KindLM — Product Requirements Document

Version: 1.0
Last updated: February 2026
Author: Petr Kindlmann
Status: Active

1. Problem Statement

Teams building AI agents (support bots, fintech copilots, HR screeners, medical triage) have no reliable way to test agent behavior before deploying. Existing tools test text output quality, but agents make decisions — they call tools, route conversations, approve transactions, escalate tickets. A prompt change on Friday can silently break tool call logic by Monday. No errors fire. No alerts trigger. The output looks fine. The behavior is wrong.

Compounding this: the EU AI Act (Regulation 2024/1689) requires companies deploying high-risk AI systems to maintain test documentation by August 2, 2026. Penalties reach 7% of global annual revenue. Most companies have no tooling to generate this documentation from their existing test processes.

2. Product Vision

KindLM is a CLI-first testing framework that lets engineering teams define behavioral tests for AI agents in YAML and run them locally or in CI. It tests what agents do (tool calls, structured output, guardrail compliance), not just what they say (text quality). It also generates EU AI Act–aligned compliance documentation from test results.

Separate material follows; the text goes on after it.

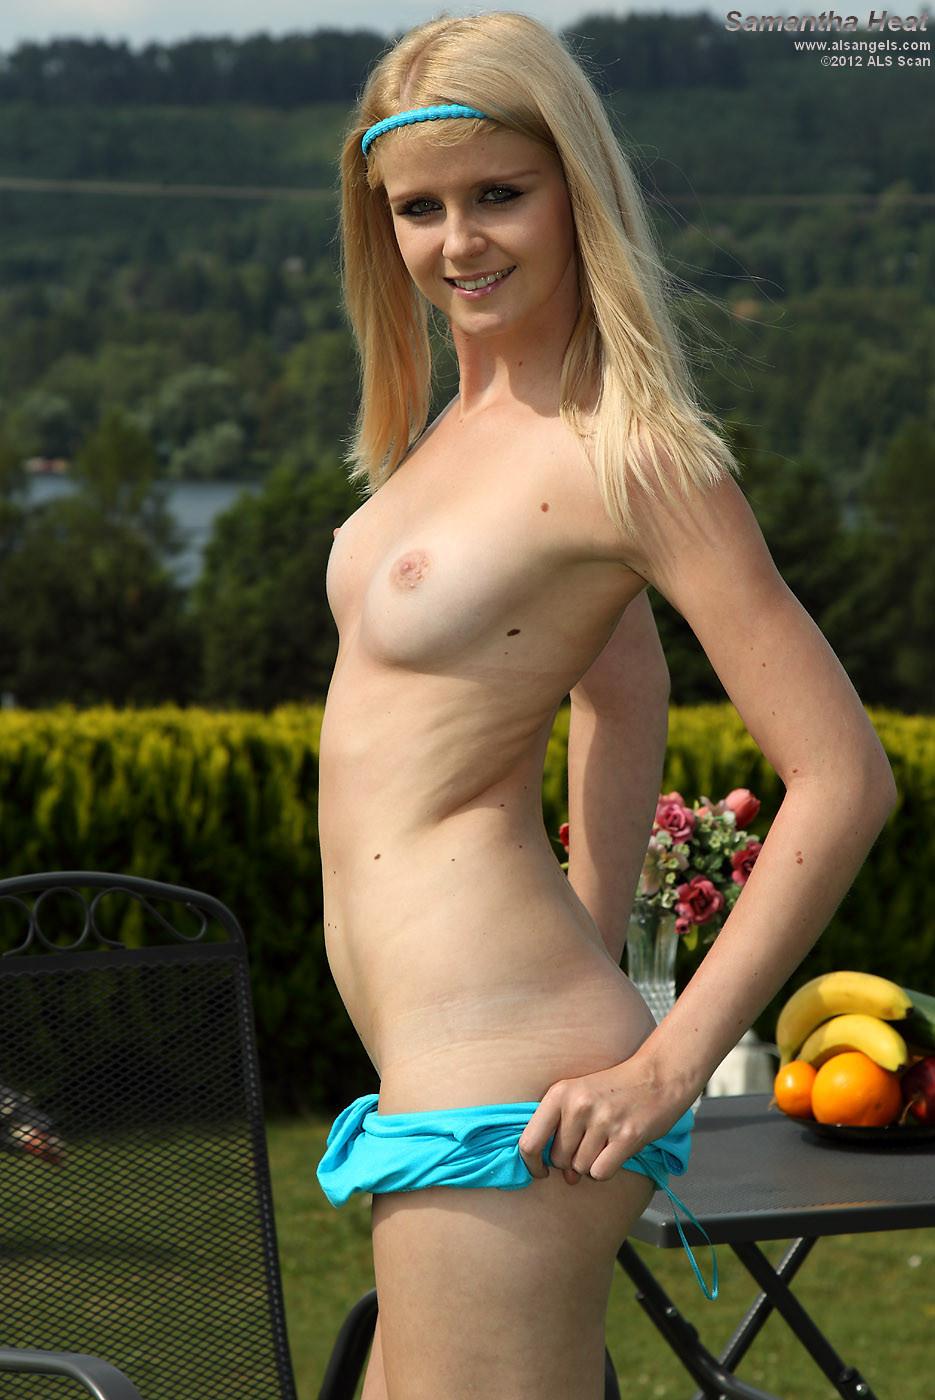 Блондинка Саманта выглядит так невинно, а на деле оказывается очень даже развратной стервочкой

One-liner: Regression tests for AI agents — tool calls, output quality, and compliance. Defined in YAML, run in CI.

3. Target Users

Primary: AI Engineer (Individual Contributor)

Profile: Works at a Series A–C startup (20–200 people). Writes Python + TypeScript. Uses Claude or GPT-4o APIs. Builds agentic features — support bots, internal copilots, data pipelines with LLM steps.
Pain: Prompt changes break agent behavior silently. No test framework understands tool calls. Existing eval tools (Promptfoo, Braintrust) test text, not agent decisions.
Discovery: GitHub, Hacker News, Twitter/X, dev newsletters.
Trigger: A production incident where an agent did the wrong thing after a prompt update.
What they need: npm install, write YAML, run kindlm test, get pass/fail in CI. Under 10 minutes to first test.

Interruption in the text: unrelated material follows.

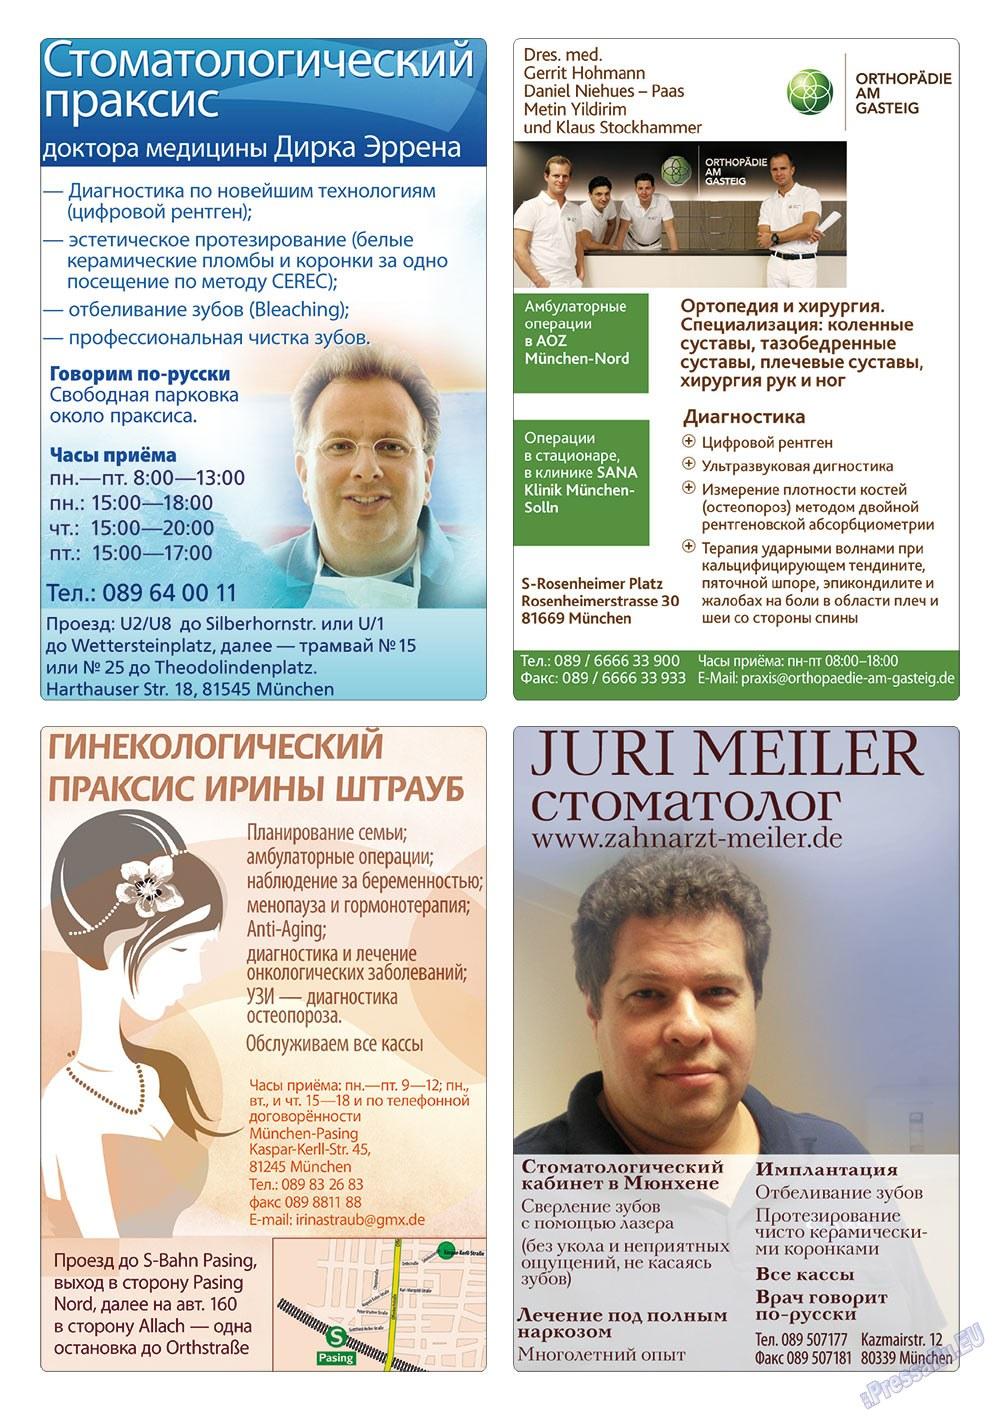 Апельсин (журнал). 2012 год, номер 32, стр. 39

Secondary: Compliance-Anxious CTO

Profile: VP Engineering or CTO at a European (or EU-serving) company in fintech, healthtech, or HR-tech. 50–500 employees. Already uses AI in production. Aware of EU AI Act but hasn't started compliance work.
Pain: August 2026 deadline approaching. Legal team flagged risk. No idea how to generate required test documentation. Compliance consultants quote €50K+.
Discovery: LinkedIn, compliance newsletters, CTO peer groups, conferences.
Trigger: Board meeting or legal review flags EU AI Act risk.
What they need: --compliance flag that generates auditor-ready documentation. Cloud dashboard their compliance officer can access.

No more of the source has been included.